Jadilah damai bagi hati yang tak tenang:
datang dan tenang, jangan terburu enyah
karena entah kepenatan yang akan menggantikan
setiap ruang, jalan dan rangkaian yang terlanjur menjadi cetakan.

Tak pantas untuk disepakati keinginan,
Meski harapan masih kuingin tinggal.
Singgahlah, aku temukan keyakinan pada satu sisi,
satu irisan yang kubangunsatukan sekarang.
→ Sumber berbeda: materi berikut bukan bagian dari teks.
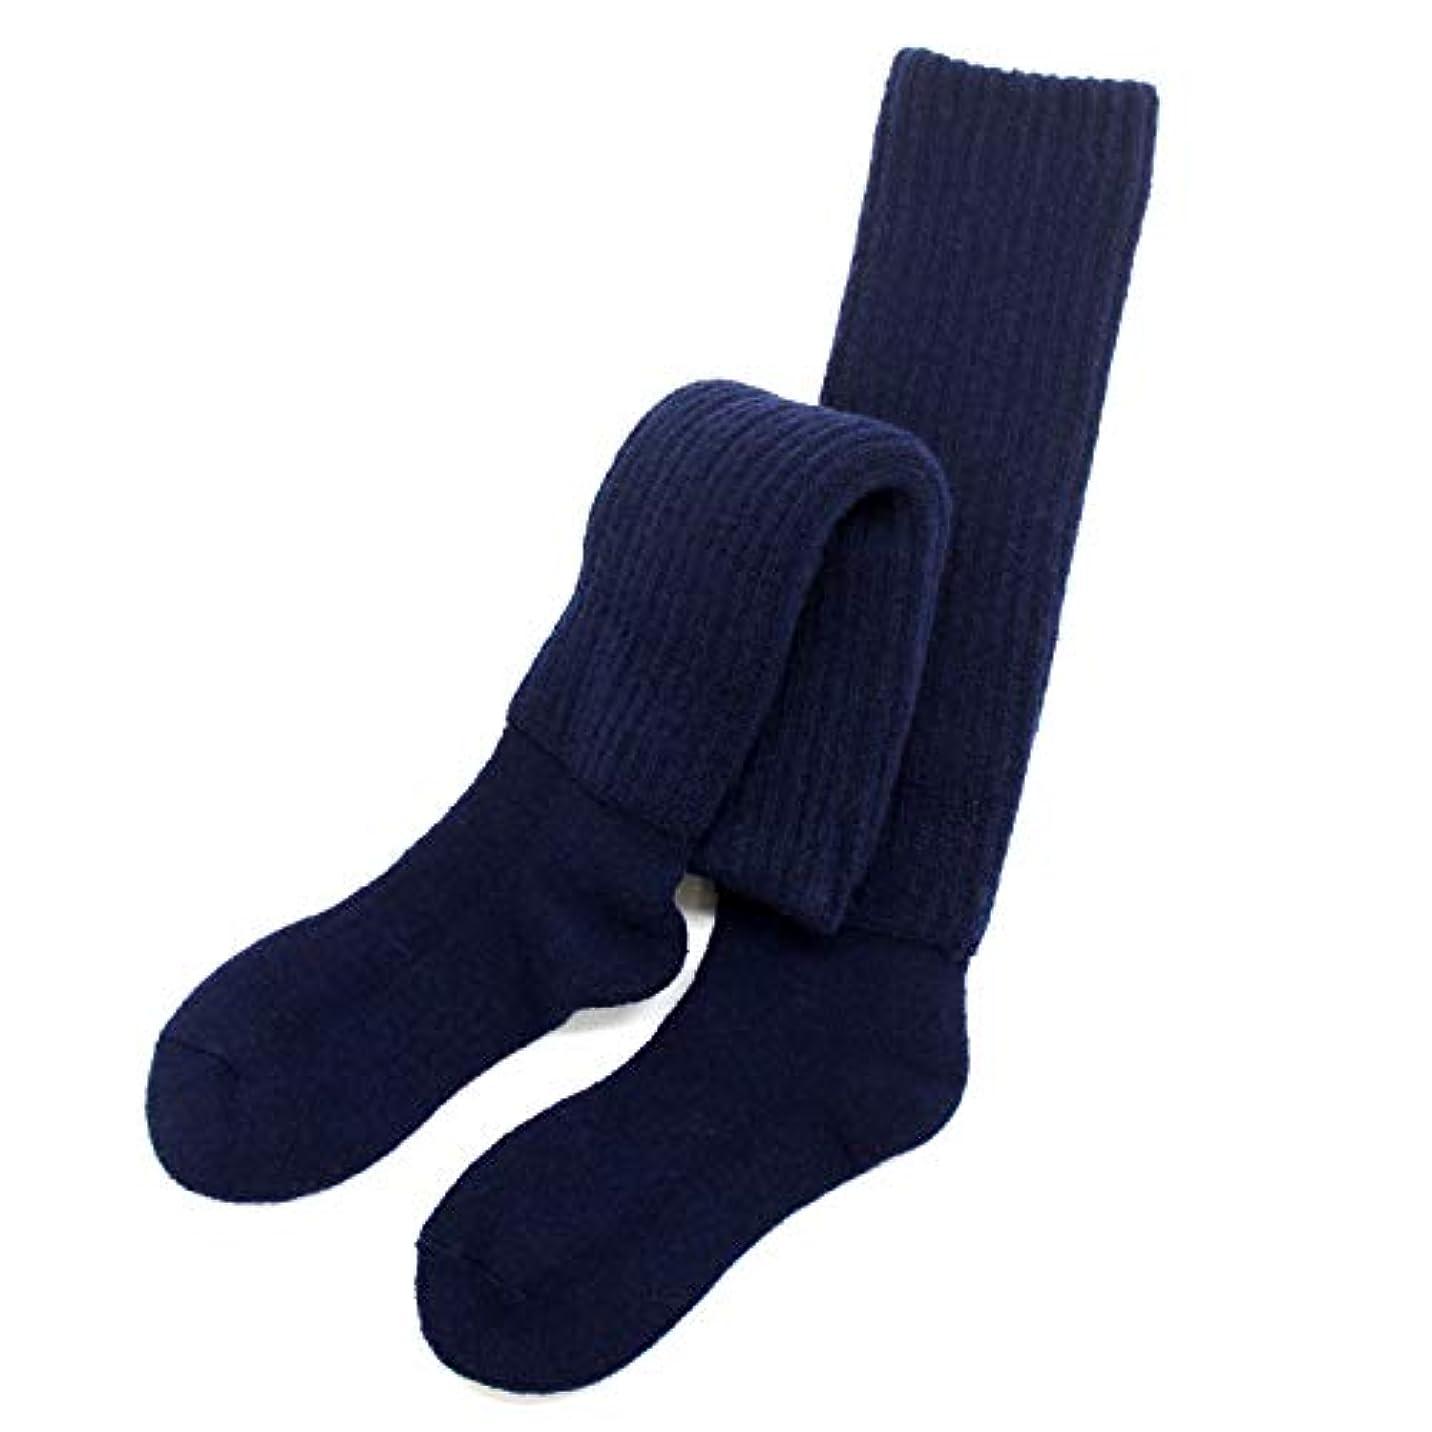 忠実にアイザックヘルメットhiorie(ヒオリエ) 日本製 冷えとり靴下 あったか 2重編み靴下 ハイソックス

Aku bukan abaikan setiap detik yang meruang seiringmu,
seperti kau menyiram harimu, dan tak terasa mengabaikan
bangku saat jadi teman diam.
Seiring yang kau siram, juga jejak yang kau tinggalkan,
kau meruang di dalam,
menciptakan sebuah media bagi keberadaan.

Aku adalah aku,
tak sehebatmu menghadirkan sebuah bayangan,
merasakan keberadaan dari ketiadaan,
juga bercakap tentang cinta pada angin dan kabut yang datang.

Bagiku,
kau adalah keadaan dan keberadaan,
bukan bayangan atau keadaan yang sanggup kau bentuk dari ketiadaan.
Dengarlah dan kau perhatikan,
bahwa setiap membara atau padam yang gegas kautinggalkan hendaknya kau tandai,
juga tulislah pesan bahwa akan datang kabut atau angin sebagai teman
karena jejak terlanjur menjadi rindu meruang.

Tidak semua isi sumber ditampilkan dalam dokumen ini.